# Dell Keyboard Problem (possibly driver?) need much help



## KaratonE (Apr 20, 2008)

Well, we all need help in something. I have a newer model Dell, just over 1 year old, It's a custom (as in I went through the order customization process) Dimension E521. It was acting up few months ago, but tonight, I put a mouse in and it actually worked, a few months ago, all the ports were down, USB, including mouse and keyboard plug-ins, so I started using my laptop. Well, tonight I got a mouse to work fine, so the ports are back to normal, but my problem is, and I'm pretty sure it's a driver error, my keyboard or ANY keyboard is not functioning properly at all, I must hold down one key for about 2 seconds to get it to type a letter, this goes the same with any other key, it's impossible to type "computer" on it without sitting there for 5 minutes. I've tried many different keyboards and I don't know what's wrong, I opened it up and cleaned it out and still no effect, I was wondering if anyone here knows what to do about it, I can give you more info if you need it, but I'm really hoping for an answer because you know the whole thing about "Dell Service" and prices just for telling you how you broke it and Best Buy charging you and it just breaks again (happened before). So I thank all of you who took the time to read it, if you have any answers or suggestions, it's greatly appriciated.

Joe.

I've been to many other sites looking for help and answers, and found none, could someone here help me?


----------



## JlCollins005 (Apr 20, 2008)

Have u tried Restoring windows or a new install, possibly a bios update


----------



## KaratonE (Apr 20, 2008)

JlCollins005 said:


> Have u tried Restoring windows or a new install, possibly a bios update



Well no, but since everything else works perfectly, I didn't think it would be that, another thing is, I was told to download the drivers from dell from another forum and I installed it, but my keyboard only works when I'm either shutting down or starting up, but once it hits the desktop, goes right back to not typing.
Should I restore windows or whatever?


----------



## cohen (Apr 20, 2008)

*Could be*

Could be a wire has broken in the keyboard lead and is causing it to do this... but otherwise i would say it is a driver issue.


----------



## KaratonE (Apr 20, 2008)

vk3fcll said:


> Could be a wire has broken in the keyboard lead and is causing it to do this... but otherwise i would say it is a driver issue.

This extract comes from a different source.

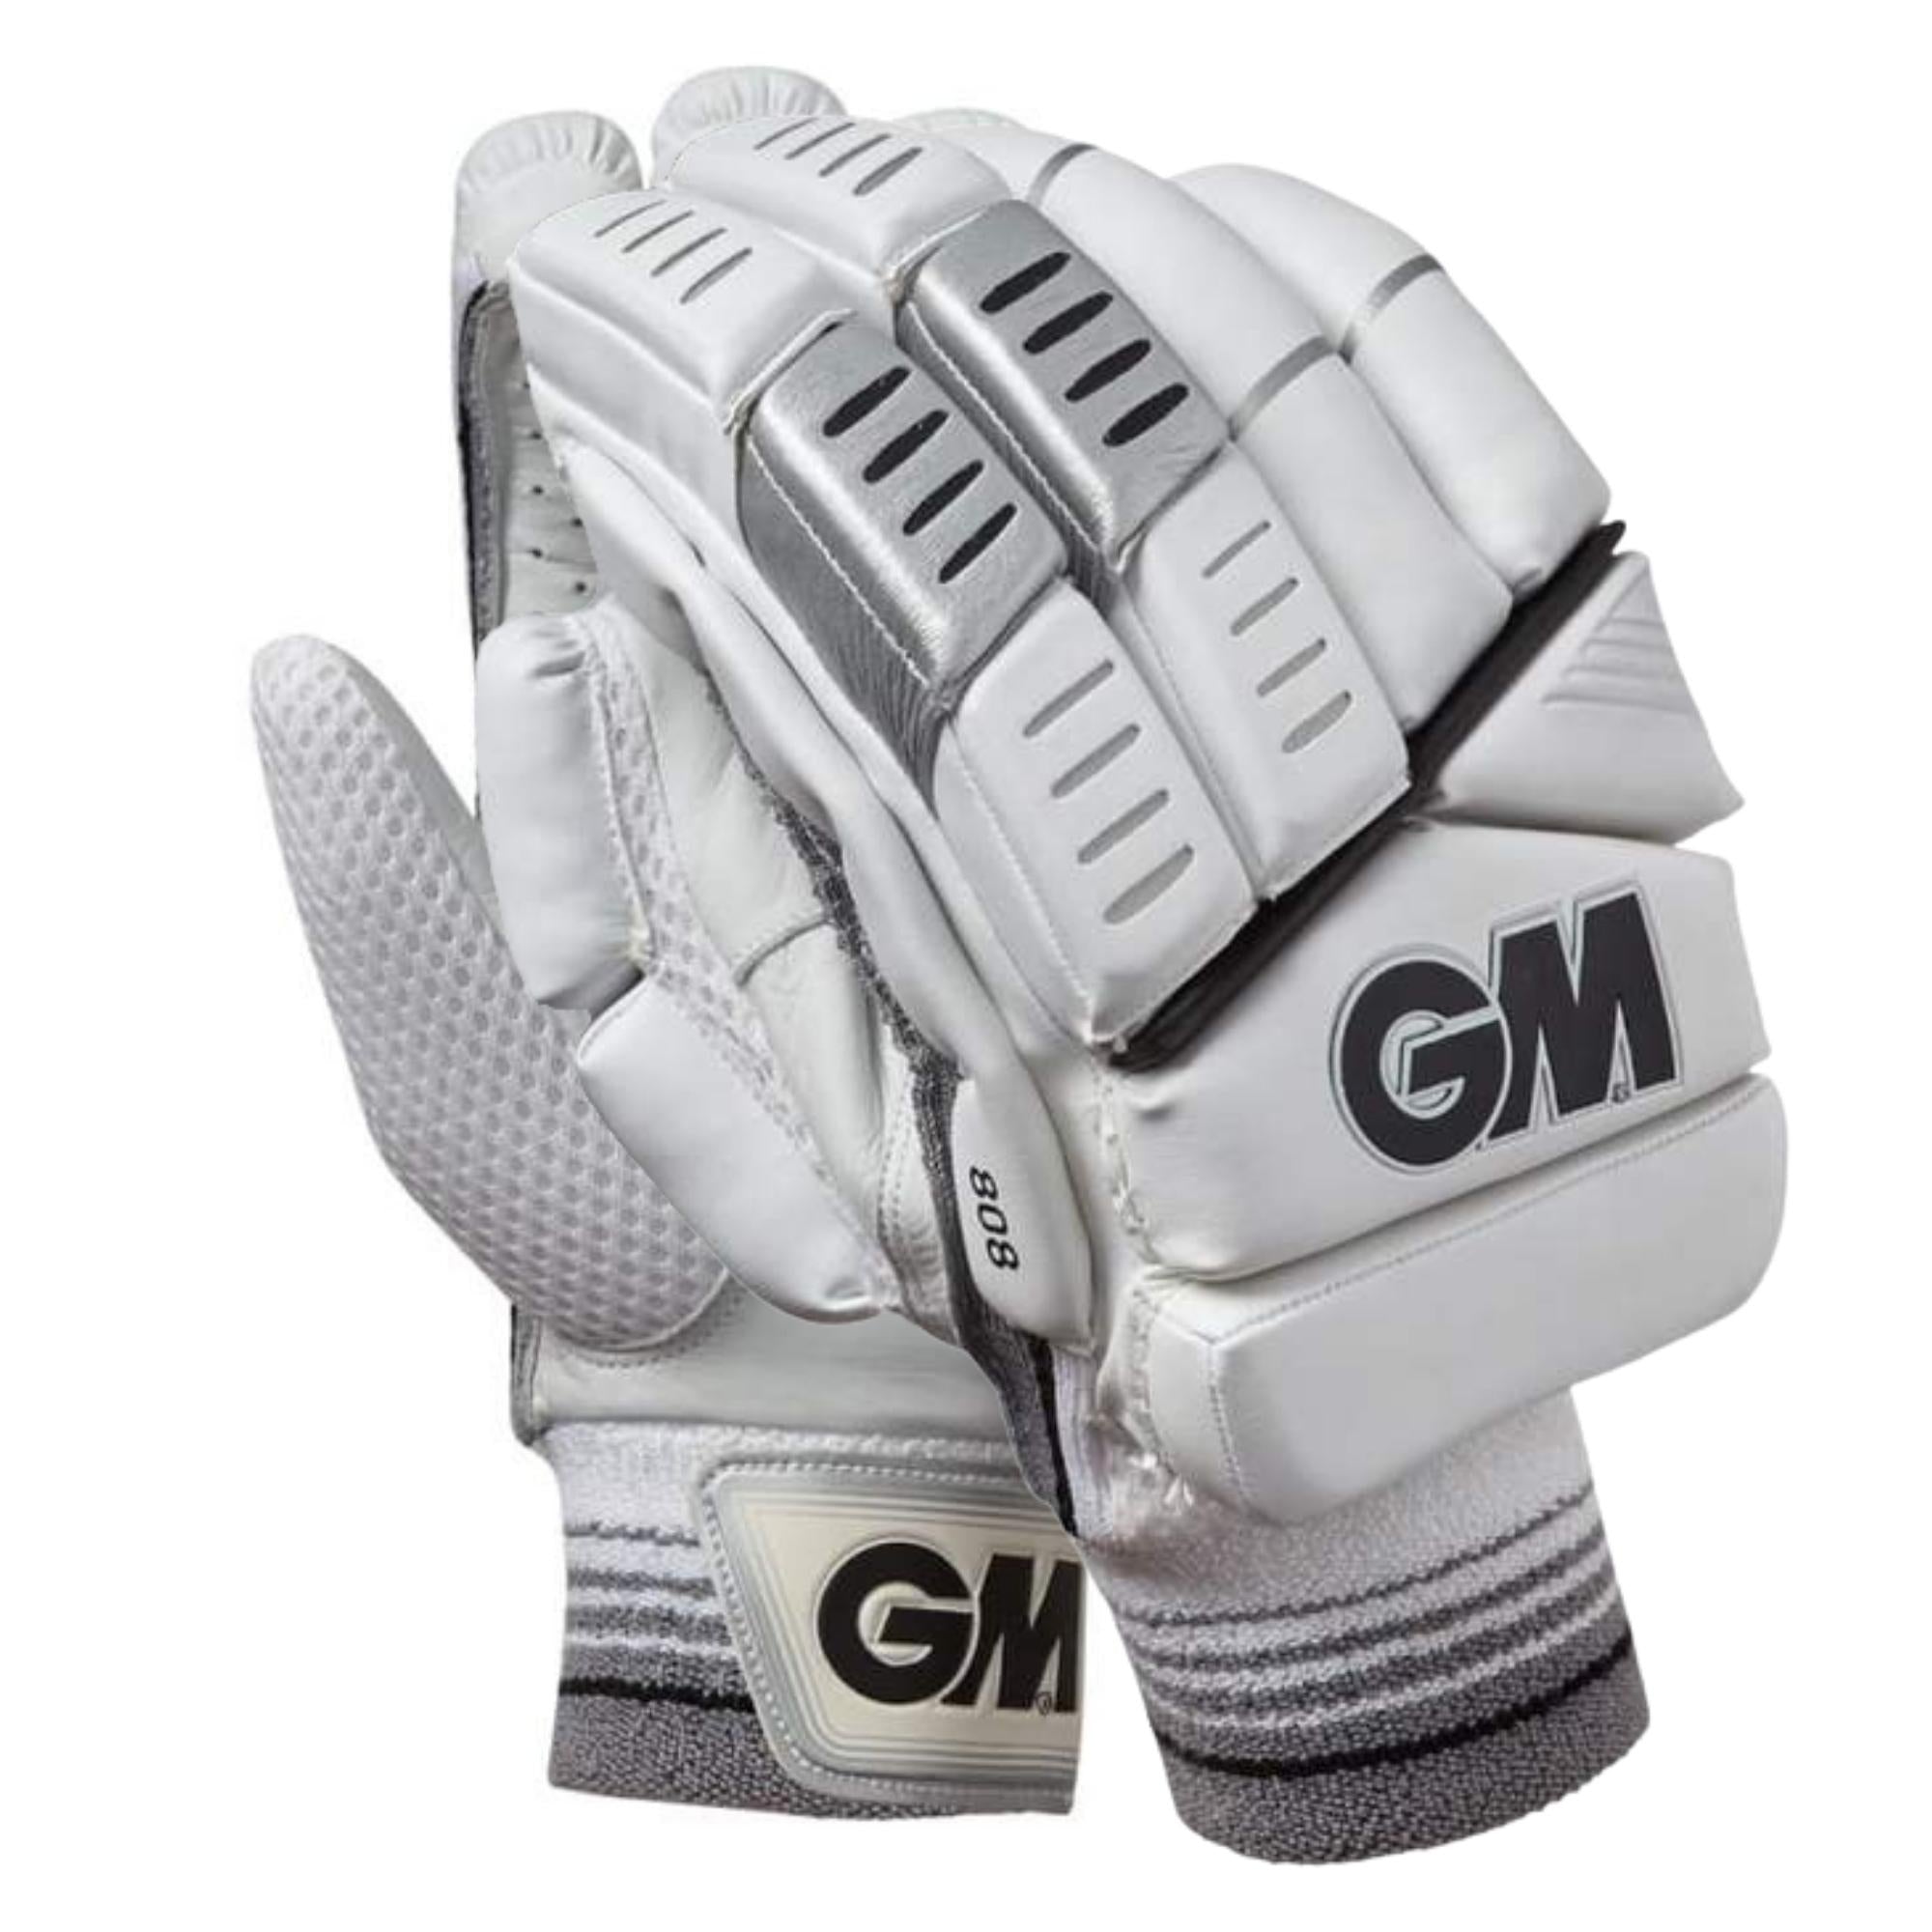 GM Cricket Batting Gloves 808 White & Silver
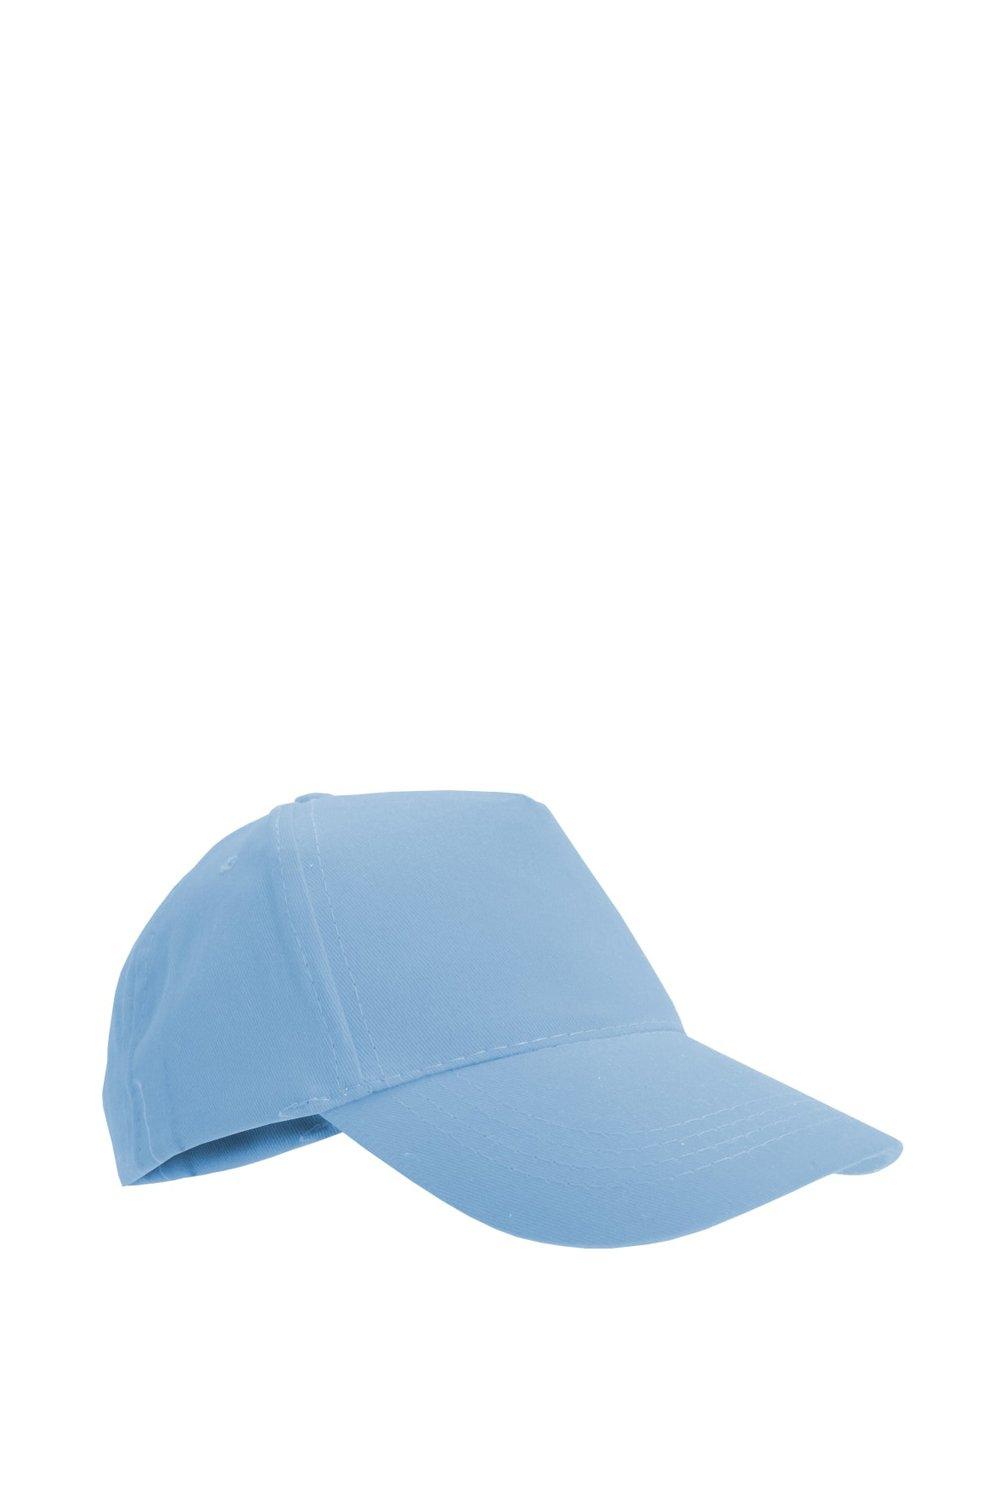 SOL'S Sunny Baseball Cap|blue

I said in the paragraph that I've tried more than one keyboard, so it might be a driver issue, which I've been trying to fix, but no luck.


----------



## cohen (Apr 20, 2008)

KaratonE said:


> I said in the paragraph that I've tried more than one keyboard, so it might be a driver issue, which I've been trying to fix, but no luck.



OK sorry  - have you reinstalled the driver...


----------



## JlCollins005 (Apr 21, 2008)

id try a fresh install of windows


----------



## KaratonE (Apr 21, 2008)

JlCollins005 said:


> id try a fresh install of windows



Well I don't want to do that because I don't want to have to reinstall all the programs I have on there.


----------



## JlCollins005 (Apr 21, 2008)

well at his current moment i cant suggest ne thing else cuz u have already tried drivers so something is conflicting


----------



## cohen (Apr 21, 2008)

*ding* what port are you using?????

PS2 or USB???


----------



## DCIScouts (Apr 21, 2008)

^^  That's true, you could get a PS/2 to USB adapter for the keyboard and use the PS/2 port instead.  If that doesn't work then I would have to concur with everyone else on here that you probably have a driver conflict, or possibly a virus, that is causing this problem and to reinstall Windows.  Plus, if you haven't done a fresh install of Windows in a while (more than a year), you're due for a fresh install anyway...


----------



## KaratonE (Apr 22, 2008)

DCIScouts said:


> ^^  That's true, you could get a PS/2 to USB adapter for the keyboard and use the PS/2 port instead.  If that doesn't work then I would have to concur with everyone else on here that you probably have a driver conflict, or possibly a virus, that is causing this problem and to reinstall Windows.  Plus, if you haven't done a fresh install of Windows in a while (more than a year), you're due for a fresh install anyway...



It is a USB, so I might try using the PS/2, good idea. Ok, so otherwise you're saying I should re-install windows, and I'm not very good with this, so I'm not sure how to do that...help? I'm running XP right now and I'm not even sure if I know where the disk is, I might though. Will reinstalling windows erase ANY of my data? Thanks for all this help.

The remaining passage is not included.